J Health Popul Nutr. 2025 Feb 8;44(1):36. doi: 10.1186/s41043-025-00759-9.

ABSTRACT

BACKGROUND: Hemoglobin, albumin, lymphocyte and platelet (HALP) score is derived from the counts of hemoglobin, albumin, lymphocytes, and platelets. It serves as a valuable tool for assessing both inflammation and nutritional status in critically ill patients. However, there hasn’t been a specific study exploring the role of the HALP score in critically ill patients. Additionally, whether the HALP score exhibits an incremental effect on the Sequential Organ Failure Assessment (SOFA) score remains unknown.

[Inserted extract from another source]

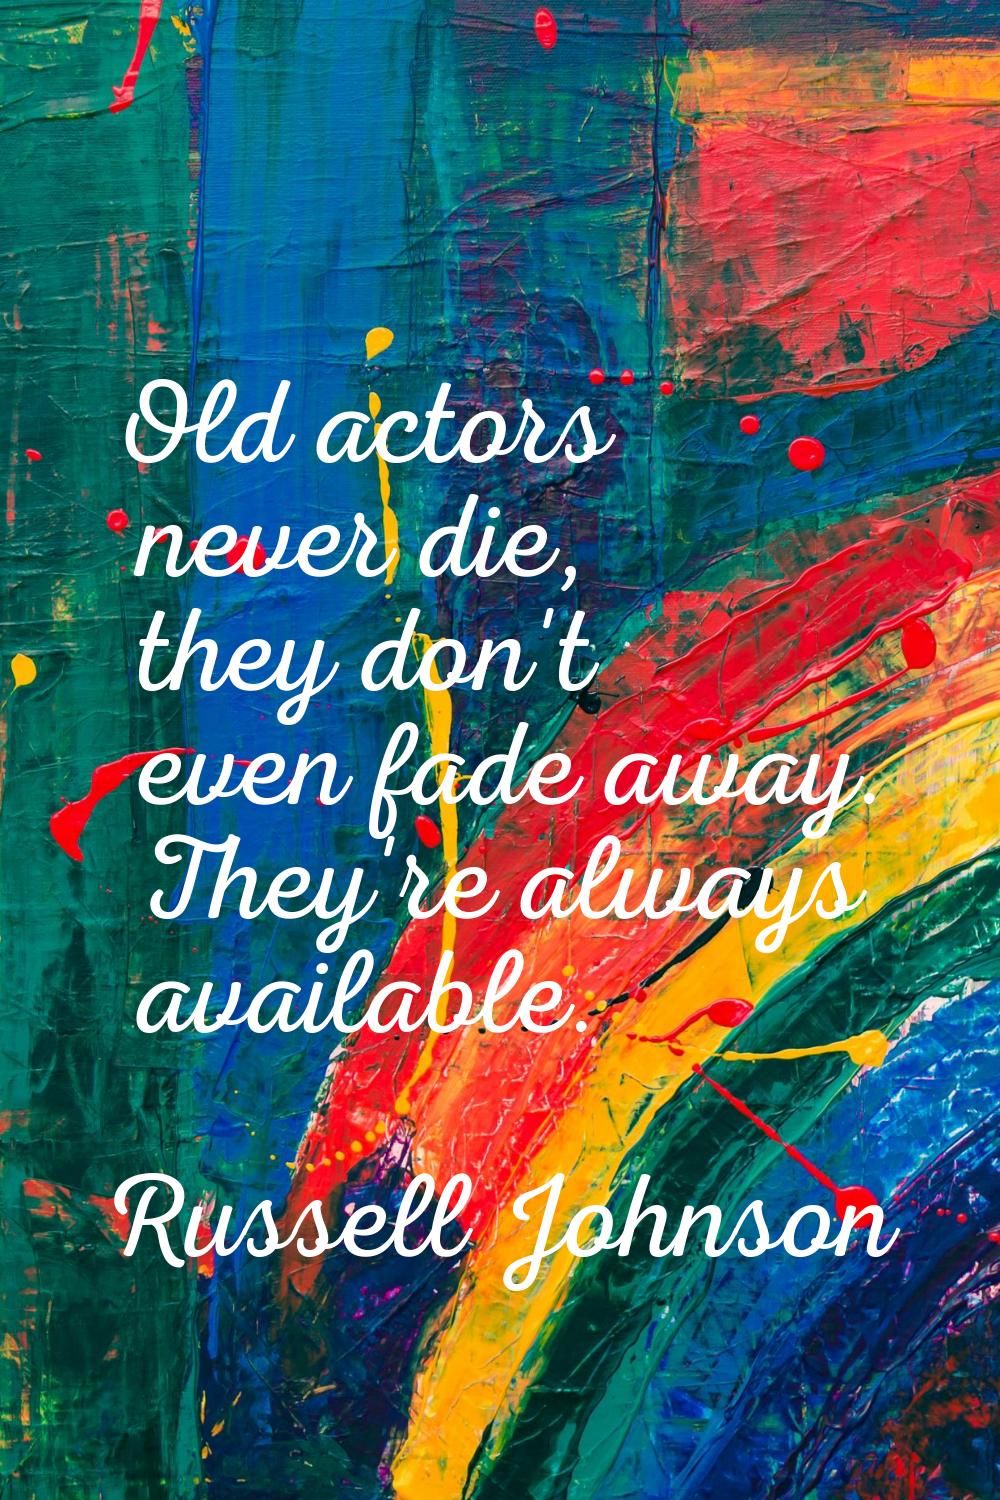 Old actors never die, they don't even fade away. They're always available.

METHODS: In this study, we used the Medical Information Mart for Intensive Care (MIMIC-IV) version 2.2 database to evaluate the predictive value of HALP score for critically ill patients. The primary outcome investigated was intensive care unit (ICU) death, and the secondary outcomes included in-hospital mortality, ICU length of stay (LOS), hospital LOS, and 28-day mortality.

RESULTS: We analyzed 20,083 critically ill patients. In logistic regression, a low HALP score (HALP score < 3.56) showed higher risk of ICU death (adjusted odds ratio: 1.41, 95% confidence interval [CI]: 1.25 to 1.59). Additionally, the HALP score improved the predictive ability of the SOFA score (∆Area under curve: 0.009, p < 0.001). In Cox proportional hazards models, a low HALP score (HALP score < 3.2) was also associated with a higher risk of 28-day mortality (adjusted hazard ratio: 1.52, 95% CI: 1.33 to 1.74).

CONCLUSION: HALP score is associated with short-term mortality. Additionally, HALP score showed an incremental effect on SOFA score in predicting short-term mortality.